Also this may seem offensive, but if you grew up with GW your opinion on the whole what is slaanesh like has considerably less weight. The reason being you have slowy been fed the GW interpretation of Slaanesh hence when the concept of slaanesh is brought up you will unconsciously draw on your iconic traces of GW's imagery. 

Case in point I told a friend about the cause gods, and then showed him some unpainted models after he had had time to wounder what the minions of such beings would look like. He got the nurgle stuff right of the bat, and the Khorn stuff, but fiends, and the keeper of secrets didn't ring a bell for him. He even falsely asked if the model with the four arms was a undivided model.


----------



## D-A-C (Sep 21, 2010)

Righteo Eleven here we go (because I can't quote the parts in yellow I'll just generally address your post on a point for point basis.

*1.* About Slaanesh not being real and choosing crab claws to represent himself, the problem with that line of argument is that it ends up meaning we can't actually discuss anything as at some point somebody came up with an idea about Slaanesh off the top of their heads. The main positive of the crab claws is that they look cool. But as that is a personal opinion that gets us nowhere. But to me it just seems Slaaneshi. But it's not completely illogical and out of place becuase my point was, daemonettes kill people. The only time they don't is because they are luring people into a trap where they can then kill them. They are a minor part of Slaanesh's power created to kill and serve in his name. 


*2. *Daemonettes might be alluring but it is way too basic to assume that they are judged entirely by their looks. They might emit beautiful music, might intoxicate you with their aromas and scents, they might move in a rythmic manner that leaves you speechless and hypnotised as they close in for the kill. A brilliant example would be from the film _Spliced_ the creature in it is ugly as heck, but at times it's quite sexual and you can't help but watch to see what its going to do next. So like I said, looks are an insignificant aspect of attraction when it comes to Slaanesh.
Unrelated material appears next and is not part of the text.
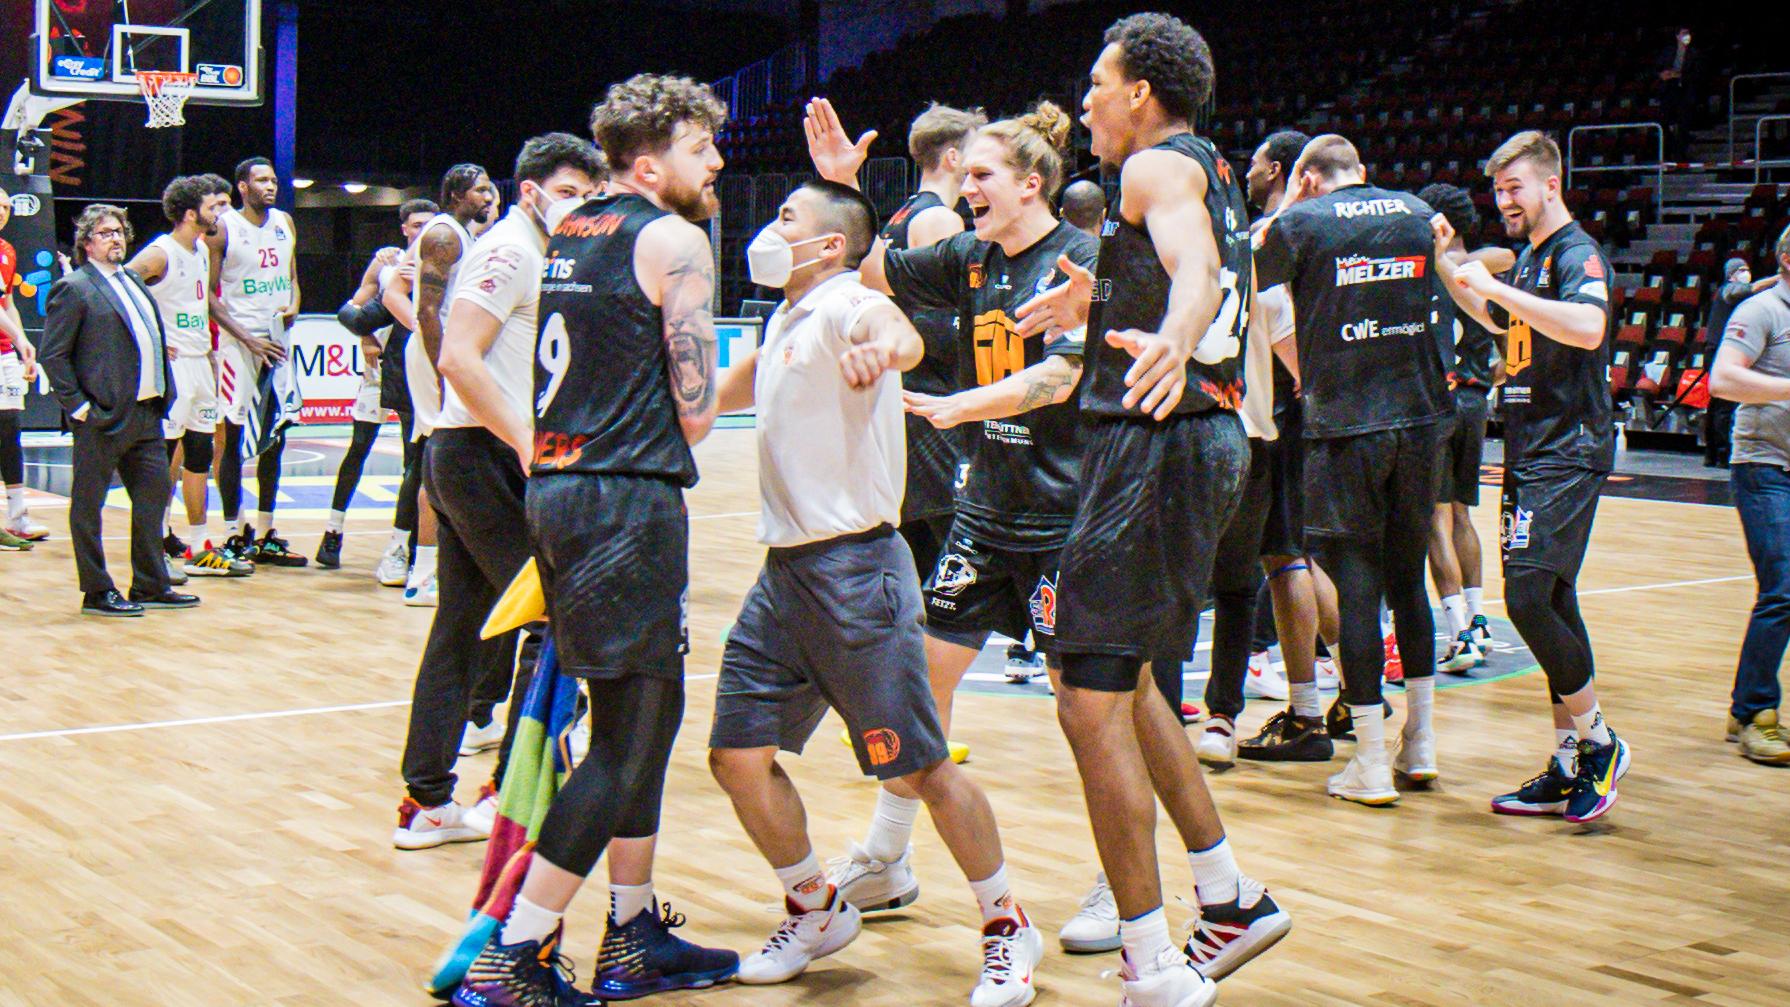 What a week in the easyCredit BBL as we saw three rounds of games - Round 17, 18 and 19 - which were highlighted by NINERS Chemnitz picking up three wins in five days, knocking off both FC Bayern Munich and Brose Bamberg in the waning seconds. Bamberg bounced back to beat ALBA BERLIN - using just seven players - while Berlin downed HAKRO Merlins Crailsheim. All the while, league leadings MHP RIESEN Ludwigsburg just keep on winning. By the way, we broke down this week’s action by clubs.
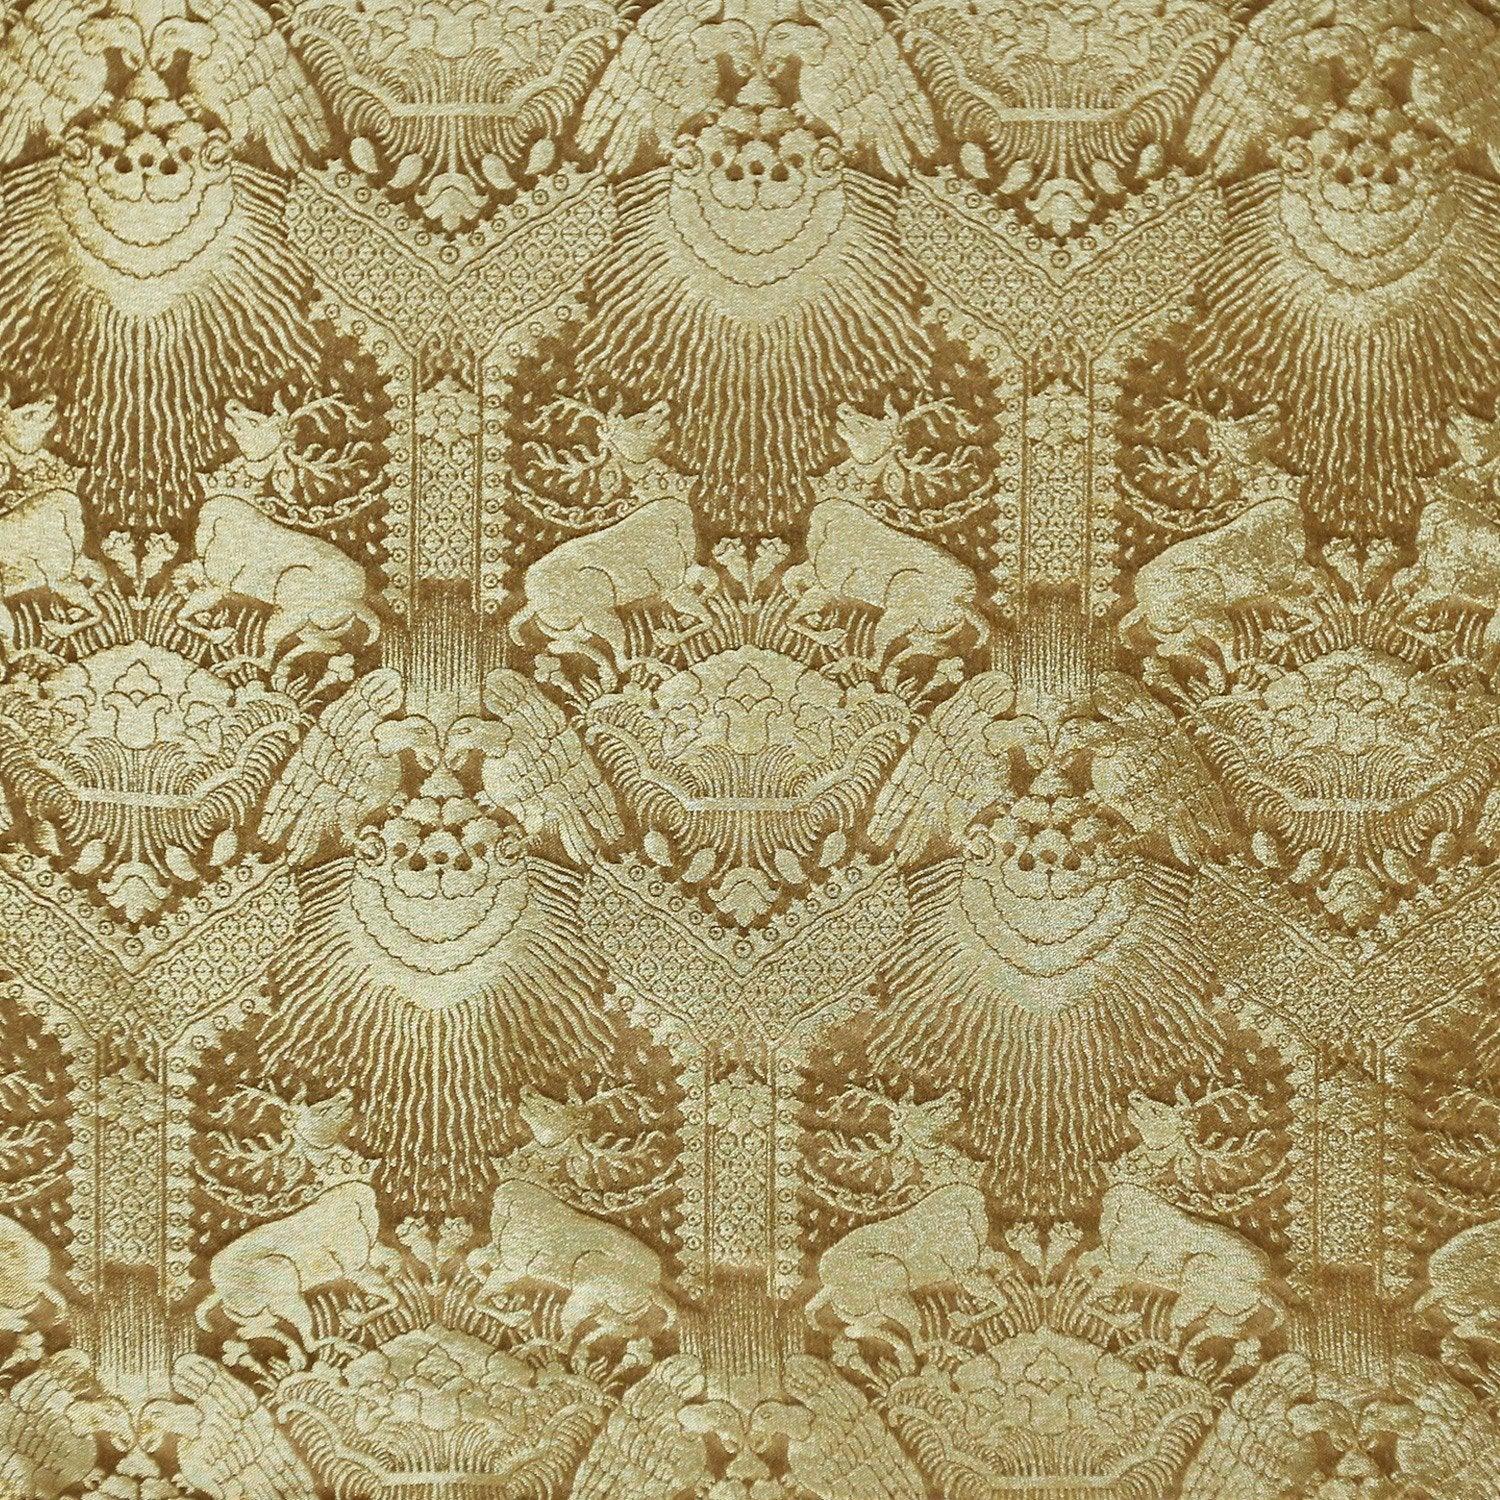 Stag, Cloth of Gold Damask - Watts & Co. (international)

*3.* Slaanesh daemons and worshippers are often asexual IMO because they have trancended the limits of sexuallity and identity. They have literally had eternity to indulge in 'pleasures of the flesh' to the point were the appeal of such pleasures is completely gone. They have actually had and done everything possible and need to seek thrills that are way more depraved and extreme. They would only use sexual allure as a hook to get the new recruits in the door of the pleasure cult so they could then indulge their own warped pleasures that would have nothing to do with sex. 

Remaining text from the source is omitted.